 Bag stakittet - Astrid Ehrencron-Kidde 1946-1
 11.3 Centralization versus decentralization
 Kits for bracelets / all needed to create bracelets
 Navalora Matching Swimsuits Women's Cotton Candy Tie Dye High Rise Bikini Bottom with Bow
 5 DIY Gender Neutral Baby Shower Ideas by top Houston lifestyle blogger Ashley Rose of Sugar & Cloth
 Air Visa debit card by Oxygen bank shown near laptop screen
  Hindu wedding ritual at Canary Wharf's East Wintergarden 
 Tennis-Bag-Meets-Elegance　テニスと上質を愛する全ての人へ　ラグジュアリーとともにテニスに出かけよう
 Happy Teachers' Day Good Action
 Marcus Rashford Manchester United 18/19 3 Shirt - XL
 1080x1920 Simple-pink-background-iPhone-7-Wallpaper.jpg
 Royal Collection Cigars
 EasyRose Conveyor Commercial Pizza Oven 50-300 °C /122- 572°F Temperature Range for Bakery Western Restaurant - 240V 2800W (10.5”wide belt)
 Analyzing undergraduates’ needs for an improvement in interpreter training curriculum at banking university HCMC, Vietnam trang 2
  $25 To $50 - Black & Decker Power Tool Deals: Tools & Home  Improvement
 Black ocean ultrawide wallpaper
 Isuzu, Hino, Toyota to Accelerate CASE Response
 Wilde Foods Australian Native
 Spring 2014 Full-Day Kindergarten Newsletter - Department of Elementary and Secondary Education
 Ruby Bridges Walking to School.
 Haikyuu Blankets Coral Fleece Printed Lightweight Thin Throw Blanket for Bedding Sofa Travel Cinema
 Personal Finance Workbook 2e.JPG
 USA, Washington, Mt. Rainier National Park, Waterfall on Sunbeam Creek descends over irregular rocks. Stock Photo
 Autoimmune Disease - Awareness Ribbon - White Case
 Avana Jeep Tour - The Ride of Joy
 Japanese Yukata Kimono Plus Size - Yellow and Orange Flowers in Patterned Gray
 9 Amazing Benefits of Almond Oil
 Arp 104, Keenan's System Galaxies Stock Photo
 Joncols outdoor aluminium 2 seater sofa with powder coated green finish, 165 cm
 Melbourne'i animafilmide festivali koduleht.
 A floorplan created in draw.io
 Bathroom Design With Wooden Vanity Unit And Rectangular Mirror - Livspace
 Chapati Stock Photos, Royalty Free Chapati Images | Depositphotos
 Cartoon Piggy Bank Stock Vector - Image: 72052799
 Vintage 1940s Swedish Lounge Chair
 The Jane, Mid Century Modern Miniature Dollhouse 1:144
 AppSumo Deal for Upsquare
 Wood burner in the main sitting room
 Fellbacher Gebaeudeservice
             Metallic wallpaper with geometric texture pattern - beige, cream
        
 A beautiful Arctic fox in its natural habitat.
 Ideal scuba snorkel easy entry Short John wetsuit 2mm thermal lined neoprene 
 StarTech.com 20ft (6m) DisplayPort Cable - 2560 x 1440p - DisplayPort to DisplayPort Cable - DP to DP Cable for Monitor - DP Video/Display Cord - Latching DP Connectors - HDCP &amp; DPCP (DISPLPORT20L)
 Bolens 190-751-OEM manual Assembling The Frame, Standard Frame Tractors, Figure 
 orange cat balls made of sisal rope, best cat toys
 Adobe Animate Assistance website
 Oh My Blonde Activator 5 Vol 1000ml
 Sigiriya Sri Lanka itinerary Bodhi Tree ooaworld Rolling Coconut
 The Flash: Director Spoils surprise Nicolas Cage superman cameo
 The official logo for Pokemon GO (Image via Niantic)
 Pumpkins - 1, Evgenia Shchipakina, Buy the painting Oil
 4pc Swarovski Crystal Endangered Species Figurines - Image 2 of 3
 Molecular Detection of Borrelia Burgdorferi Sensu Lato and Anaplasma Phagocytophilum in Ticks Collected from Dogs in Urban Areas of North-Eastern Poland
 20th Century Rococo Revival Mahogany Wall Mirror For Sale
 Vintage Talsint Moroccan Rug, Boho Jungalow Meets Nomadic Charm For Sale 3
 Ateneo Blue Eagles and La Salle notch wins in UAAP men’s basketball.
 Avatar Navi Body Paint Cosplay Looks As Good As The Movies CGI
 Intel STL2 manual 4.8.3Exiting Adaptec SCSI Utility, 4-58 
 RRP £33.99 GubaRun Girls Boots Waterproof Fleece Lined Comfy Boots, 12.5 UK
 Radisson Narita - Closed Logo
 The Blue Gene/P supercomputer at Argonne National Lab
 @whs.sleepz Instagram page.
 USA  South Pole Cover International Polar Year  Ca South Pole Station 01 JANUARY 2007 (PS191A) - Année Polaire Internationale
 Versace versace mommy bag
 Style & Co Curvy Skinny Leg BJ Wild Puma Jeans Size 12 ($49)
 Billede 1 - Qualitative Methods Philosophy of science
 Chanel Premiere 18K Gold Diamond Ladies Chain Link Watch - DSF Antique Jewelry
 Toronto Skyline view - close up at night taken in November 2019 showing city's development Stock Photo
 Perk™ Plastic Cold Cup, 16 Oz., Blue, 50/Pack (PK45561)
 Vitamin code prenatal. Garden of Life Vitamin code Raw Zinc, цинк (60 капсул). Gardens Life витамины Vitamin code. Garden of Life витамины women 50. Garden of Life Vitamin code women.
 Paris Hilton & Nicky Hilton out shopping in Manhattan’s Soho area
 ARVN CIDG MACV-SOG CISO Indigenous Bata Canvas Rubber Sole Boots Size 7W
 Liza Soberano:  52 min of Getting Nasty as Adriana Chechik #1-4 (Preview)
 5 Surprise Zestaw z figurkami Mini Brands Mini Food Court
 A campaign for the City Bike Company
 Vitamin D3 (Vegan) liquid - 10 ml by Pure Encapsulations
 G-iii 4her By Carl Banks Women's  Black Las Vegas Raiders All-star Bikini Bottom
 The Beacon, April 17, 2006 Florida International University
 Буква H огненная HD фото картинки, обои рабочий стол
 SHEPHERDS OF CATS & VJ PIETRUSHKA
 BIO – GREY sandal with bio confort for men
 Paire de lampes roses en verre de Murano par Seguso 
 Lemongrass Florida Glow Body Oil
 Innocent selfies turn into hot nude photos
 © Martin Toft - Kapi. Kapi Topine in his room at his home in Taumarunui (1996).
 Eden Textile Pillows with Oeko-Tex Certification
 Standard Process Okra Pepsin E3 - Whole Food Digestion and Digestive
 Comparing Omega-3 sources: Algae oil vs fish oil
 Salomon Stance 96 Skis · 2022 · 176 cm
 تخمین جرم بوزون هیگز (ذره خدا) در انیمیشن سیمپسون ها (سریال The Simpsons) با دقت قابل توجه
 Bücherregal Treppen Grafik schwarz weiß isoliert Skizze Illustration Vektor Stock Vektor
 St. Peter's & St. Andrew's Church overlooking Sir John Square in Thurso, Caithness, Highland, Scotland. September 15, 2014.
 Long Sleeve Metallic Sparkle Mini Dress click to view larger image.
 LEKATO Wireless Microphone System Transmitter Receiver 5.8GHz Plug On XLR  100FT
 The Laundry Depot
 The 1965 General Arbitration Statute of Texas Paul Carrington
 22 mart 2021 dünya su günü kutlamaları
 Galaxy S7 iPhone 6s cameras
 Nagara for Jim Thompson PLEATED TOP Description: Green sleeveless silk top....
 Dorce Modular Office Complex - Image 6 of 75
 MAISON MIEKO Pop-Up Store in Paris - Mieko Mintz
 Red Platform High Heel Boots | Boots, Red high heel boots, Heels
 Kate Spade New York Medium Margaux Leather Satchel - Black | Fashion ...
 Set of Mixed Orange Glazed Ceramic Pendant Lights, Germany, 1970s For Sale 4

## Problem to solve:
Exactly as written, give the records again.

## Solved problem:
 Bag stakittet - Astrid Ehrencron-Kidde 1946-1
 11.3 Centralization versus decentralization
 Kits for bracelets / all needed to create bracelets
 Navalora Matching Swimsuits Women's Cotton Candy Tie Dye High Rise Bikini Bottom with Bow
 5 DIY Gender Neutral Baby Shower Ideas by top Houston lifestyle blogger Ashley Rose of Sugar & Cloth
 Air Visa debit card by Oxygen bank shown near laptop screen
  Hindu wedding ritual at Canary Wharf's East Wintergarden 
 Tennis-Bag-Meets-Elegance　テニスと上質を愛する全ての人へ　ラグジュアリーとともにテニスに出かけよう
 Happy Teachers' Day Good Action
 Marcus Rashford Manchester United 18/19 3 Shirt - XL
 1080x1920 Simple-pink-background-iPhone-7-Wallpaper.jpg
 Royal Collection Cigars
 EasyRose Conveyor Commercial Pizza Oven 50-300 °C /122- 572°F Temperature Range for Bakery Western Restaurant - 240V 2800W (10.5”wide belt)
 Analyzing undergraduates’ needs for an improvement in interpreter training curriculum at banking university HCMC, Vietnam trang 2
  $25 To $50 - Black & Decker Power Tool Deals: Tools & Home  Improvement
 Black ocean ultrawide wallpaper
 Isuzu, Hino, Toyota to Accelerate CASE Response
 Wilde Foods Australian Native
 Spring 2014 Full-Day Kindergarten Newsletter - Department of Elementary and Secondary Education
 Ruby Bridges Walking to School.
 Haikyuu Blankets Coral Fleece Printed Lightweight Thin Throw Blanket for Bedding Sofa Travel Cinema
 Personal Finance Workbook 2e.JPG
 USA, Washington, Mt. Rainier National Park, Waterfall on Sunbeam Creek descends over irregular rocks. Stock Photo
 Autoimmune Disease - Awareness Ribbon - White Case
 Avana Jeep Tour - The Ride of Joy
 Japanese Yukata Kimono Plus Size - Yellow and Orange Flowers in Patterned Gray
 9 Amazing Benefits of Almond Oil
 Arp 104, Keenan's System Galaxies Stock Photo
 Joncols outdoor aluminium 2 seater sofa with powder coated green finish, 165 cm
 Melbourne'i animafilmide festivali koduleht.
 A floorplan created in draw.io
 Bathroom Design With Wooden Vanity Unit And Rectangular Mirror - Livspace
 Chapati Stock Photos, Royalty Free Chapati Images | Depositphotos
 Cartoon Piggy Bank Stock Vector - Image: 72052799
 Vintage 1940s Swedish Lounge Chair
 The Jane, Mid Century Modern Miniature Dollhouse 1:144
 AppSumo Deal for Upsquare
 Wood burner in the main sitting room
 Fellbacher Gebaeudeservice
             Metallic wallpaper with geometric texture pattern - beige, cream
        
 A beautiful Arctic fox in its natural habitat.
 Ideal scuba snorkel easy entry Short John wetsuit 2mm thermal lined neoprene 
 StarTech.com 20ft (6m) DisplayPort Cable - 2560 x 1440p - DisplayPort to DisplayPort Cable - DP to DP Cable for Monitor - DP Video/Display Cord - Latching DP Connectors - HDCP &amp; DPCP (DISPLPORT20L)
 Bolens 190-751-OEM manual Assembling The Frame, Standard Frame Tractors, Figure 
 orange cat balls made of sisal rope, best cat toys
 Adobe Animate Assistance website
 Oh My Blonde Activator 5 Vol 1000ml
 Sigiriya Sri Lanka itinerary Bodhi Tree ooaworld Rolling Coconut
 The Flash: Director Spoils surprise Nicolas Cage superman cameo
 The official logo for Pokemon GO (Image via Niantic)
 Pumpkins - 1, Evgenia Shchipakina, Buy the painting Oil
 4pc Swarovski Crystal Endangered Species Figurines - Image 2 of 3
 Molecular Detection of Borrelia Burgdorferi Sensu Lato and Anaplasma Phagocytophilum in Ticks Collected from Dogs in Urban Areas of North-Eastern Poland
 20th Century Rococo Revival Mahogany Wall Mirror For Sale
 Vintage Talsint Moroccan Rug, Boho Jungalow Meets Nomadic Charm For Sale 3
 Ateneo Blue Eagles and La Salle notch wins in UAAP men’s basketball.
 Avatar Navi Body Paint Cosplay Looks As Good As The Movies CGI
 Intel STL2 manual 4.8.3Exiting Adaptec SCSI Utility, 4-58 
 RRP £33.99 GubaRun Girls Boots Waterproof Fleece Lined Comfy Boots, 12.5 UK
 Radisson Narita - Closed Logo
 The Blue Gene/P supercomputer at Argonne National Lab
 @whs.sleepz Instagram page.
 USA  South Pole Cover International Polar Year  Ca South Pole Station 01 JANUARY 2007 (PS191A) - Année Polaire Internationale
 Versace versace mommy bag
 Style & Co Curvy Skinny Leg BJ Wild Puma Jeans Size 12 ($49)
 Billede 1 - Qualitative Methods Philosophy of science
 Chanel Premiere 18K Gold Diamond Ladies Chain Link Watch - DSF Antique Jewelry
 Toronto Skyline view - close up at night taken in November 2019 showing city's development Stock Photo
 Perk™ Plastic Cold Cup, 16 Oz., Blue, 50/Pack (PK45561)
 Vitamin code prenatal. Garden of Life Vitamin code Raw Zinc, цинк (60 капсул). Gardens Life витамины Vitamin code. Garden of Life витамины women 50. Garden of Life Vitamin code women.
 Paris Hilton & Nicky Hilton out shopping in Manhattan’s Soho area
 ARVN CIDG MACV-SOG CISO Indigenous Bata Canvas Rubber Sole Boots Size 7W
 Liza Soberano:  52 min of Getting Nasty as Adriana Chechik #1-4 (Preview)
 5 Surprise Zestaw z figurkami Mini Brands Mini Food Court
 A campaign for the City Bike Company
 Vitamin D3 (Vegan) liquid - 10 ml by Pure Encapsulations
 G-iii 4her By Carl Banks Women's  Black Las Vegas Raiders All-star Bikini Bottom
 The Beacon, April 17, 2006 Florida International University
 Буква H огненная HD фото картинки, обои рабочий стол
 SHEPHERDS OF CATS & VJ PIETRUSHKA
 BIO – GREY sandal with bio confort for men
 Paire de lampes roses en verre de Murano par Seguso 
 Lemongrass Florida Glow Body Oil
 Innocent selfies turn into hot nude photos
 © Martin Toft - Kapi. Kapi Topine in his room at his home in Taumarunui (1996).
 Eden Textile Pillows with Oeko-Tex Certification
 Standard Process Okra Pepsin E3 - Whole Food Digestion and Digestive
 Comparing Omega-3 sources: Algae oil vs fish oil
 Salomon Stance 96 Skis · 2022 · 176 cm
 تخمین جرم بوزون هیگز (ذره خدا) در انیمیشن سیمپسون ها (سریال The Simpsons) با دقت قابل توجه
 Bücherregal Treppen Grafik schwarz weiß isoliert Skizze Illustration Vektor Stock Vektor
 St. Peter's & St. Andrew's Church overlooking Sir John Square in Thurso, Caithness, Highland, Scotland. September 15, 2014.
 Long Sleeve Metallic Sparkle Mini Dress click to view larger image.
 LEKATO Wireless Microphone System Transmitter Receiver 5.8GHz Plug On XLR  100FT
 The Laundry Depot
 The 1965 General Arbitration Statute of Texas Paul Carrington
 22 mart 2021 dünya su günü kutlamaları
 Galaxy S7 iPhone 6s cameras
 Nagara for Jim Thompson PLEATED TOP Description: Green sleeveless silk top....
 Dorce Modular Office Complex - Image 6 of 75
 MAISON MIEKO Pop-Up Store in Paris - Mieko Mintz
 Red Platform High Heel Boots | Boots, Red high heel boots, Heels
 Kate Spade New York Medium Margaux Leather Satchel - Black | Fashion ...
 Set of Mixed Orange Glazed Ceramic Pendant Lights, Germany, 1970s For Sale 4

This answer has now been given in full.